Our problem is registered, and we can now start writing our energy function(s).
Just as a Problem class is a template for generating problem instances, the Energy Function classes create methods to generate energy function instances for particular problem instances. Conventional Energy Functions inherit from the ConvEfn class in problems/prob.py, and must implement two methods, __init__ and _gen_funcs (and can optionally override the compile method).
The init method is similar to the Problem init in that it sets parameters for the problem (such as the number of elements) rather than values for a specific instance. It is called during the Problem init method is called, when the energy function is instantiated.

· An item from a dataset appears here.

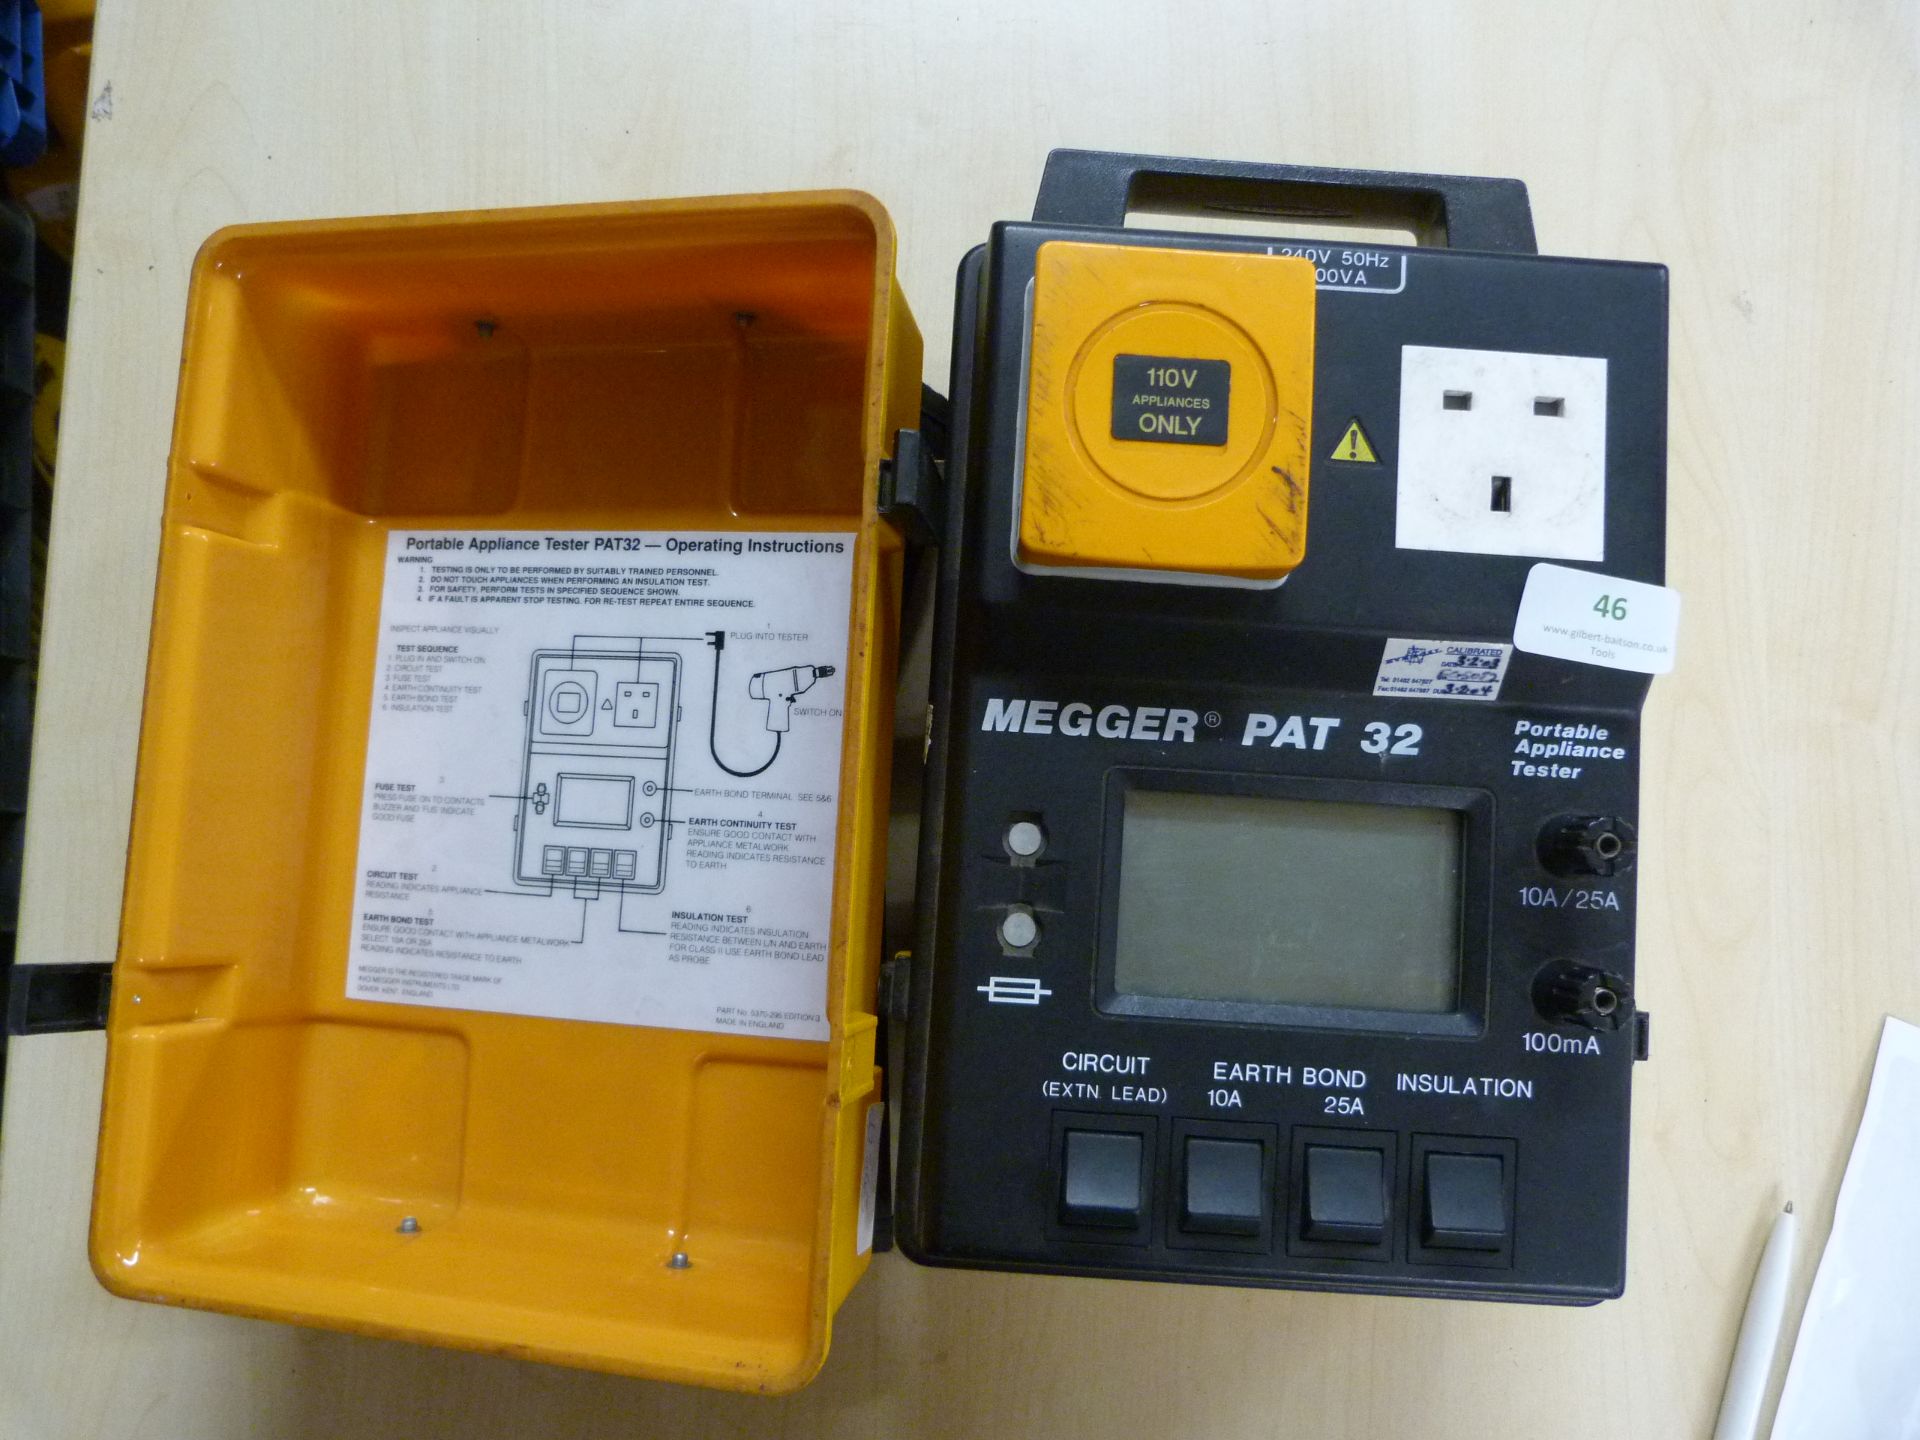 *Megger PAT 32 Portable Appliance Tester 219-579
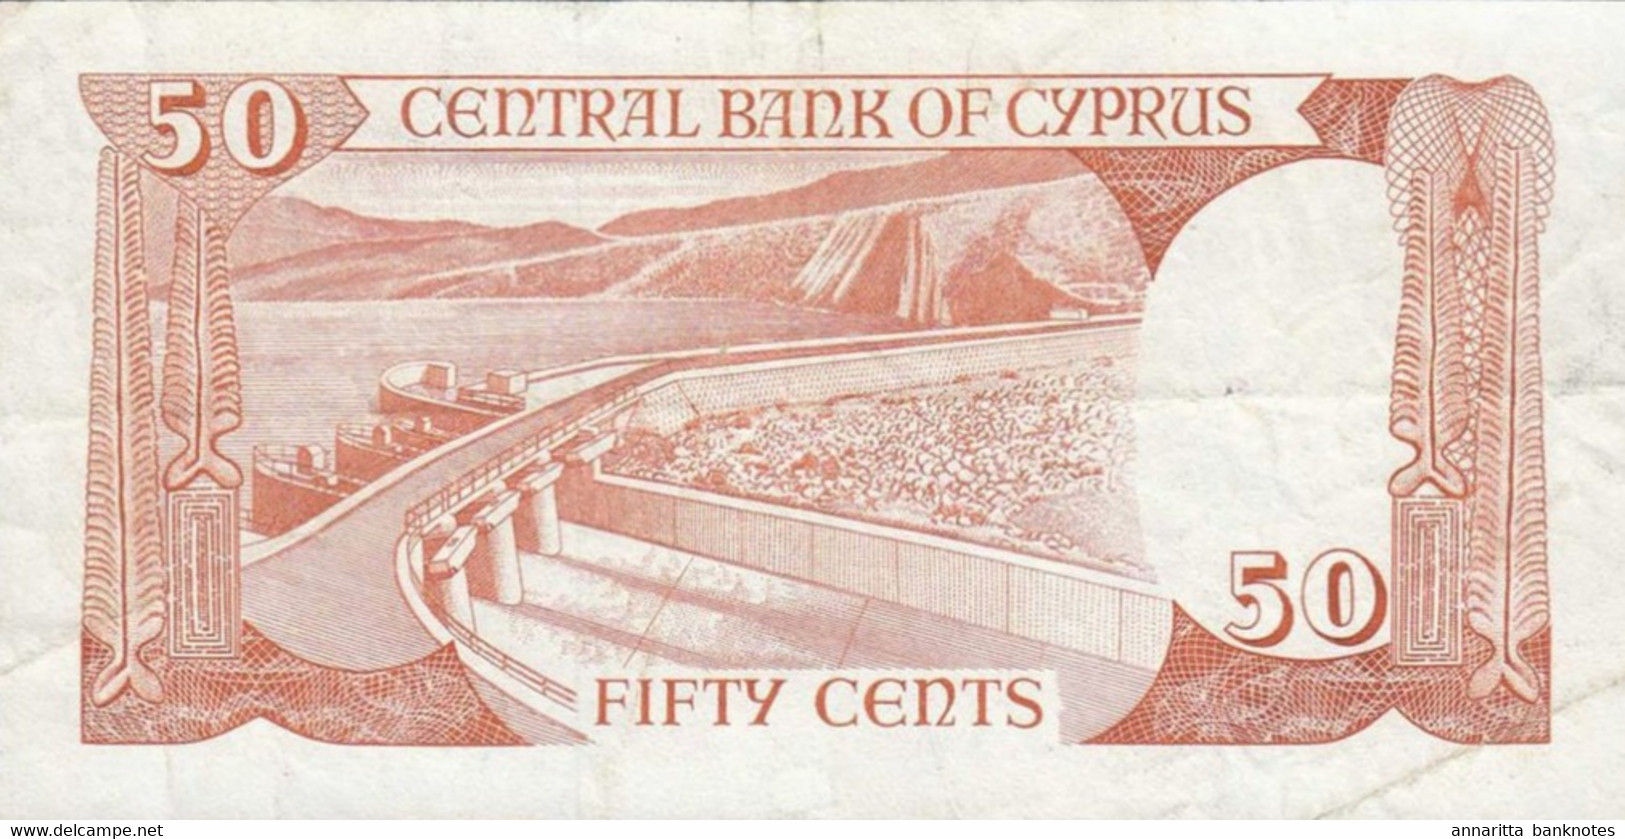 Cyprus 50 Cents 1989, S/N P324890 VF, P-52a, CY B311c - Cyprus

def __init__(self, n, cap, c_maxval):
self.n = n
self.cap = cap
self.c_maxval = c_maxval
super().__init__()
Be sure to call super().__init__() at the end of initialization to begin function generation.
The _gen_funcs procedure is responsible for generating functions that compute the valid and cost portions of the energy fucntion, as well as determining the number of p-bits used. We will break down the knp example, line-by-line.
knp is unique in that a portion of the spins are used to select the chosen items, while the rest are used to claim a particular weight for those chosen items. In the first few lines, we determine the numerical values associated with the latter group of spins, and then count the total number of p-bits we have.
def _gen_funcs(self):
cap = int(self.cap) + 1
m = floor(log2(cap))
vals = [1 << i for i in range(m)]
vals.append(cap - (1 << m))
vals = jnp.asarray(vals)
n_spins = len(vals) + self.n
Here we define a JAX-jitted utility function to "dispatch" the spins - this breaks up the set of p-bits into a tuple two arrays depending on their purpose. This is useful for computing the energy.
@jax.jit
def dispatch_fn(spins):
return jnp.split(spins, [self.n])
Next, we define the valid_fn, which takes in the state and the particular problem instance we are solving and returns a value representing the energy penalty associated with invalid solutions. This should be a JAX-jittable function as well. We use dispatch_fn to separate the p-bits into groups and then compute the actual weight (weight_expr) and the claimed weight (cweight_expr).
def valid_fn(spins, inst):
spins, w_spins = dispatch_fn(spins)
weights, _ = inst
weight_expr = jnp.dot(spins, weights)
cweight_expr = jnp.dot(w_spins, vals)
An implementation detail is that, with the conventional energy functions, quadratic, single-variable terms in the energy function must be lowered to be linear (i.e. x_i^2 => x_i). Because the spins are binary, this does not affect the energy calculation, but ommitting this would make our gradient calculation incorrect. Thus, we must add a set of terms that will not change the energy but will "adjust" the gradients such that the terms appear linear. These terms usually take the form of spin * (spin - 1).
FUSE will check the Hessian of the energy function and will error if the diagonal terms are non-zero. You should adjust the derivatives (while ensuring the energy function is the same) until this condition is satisfied.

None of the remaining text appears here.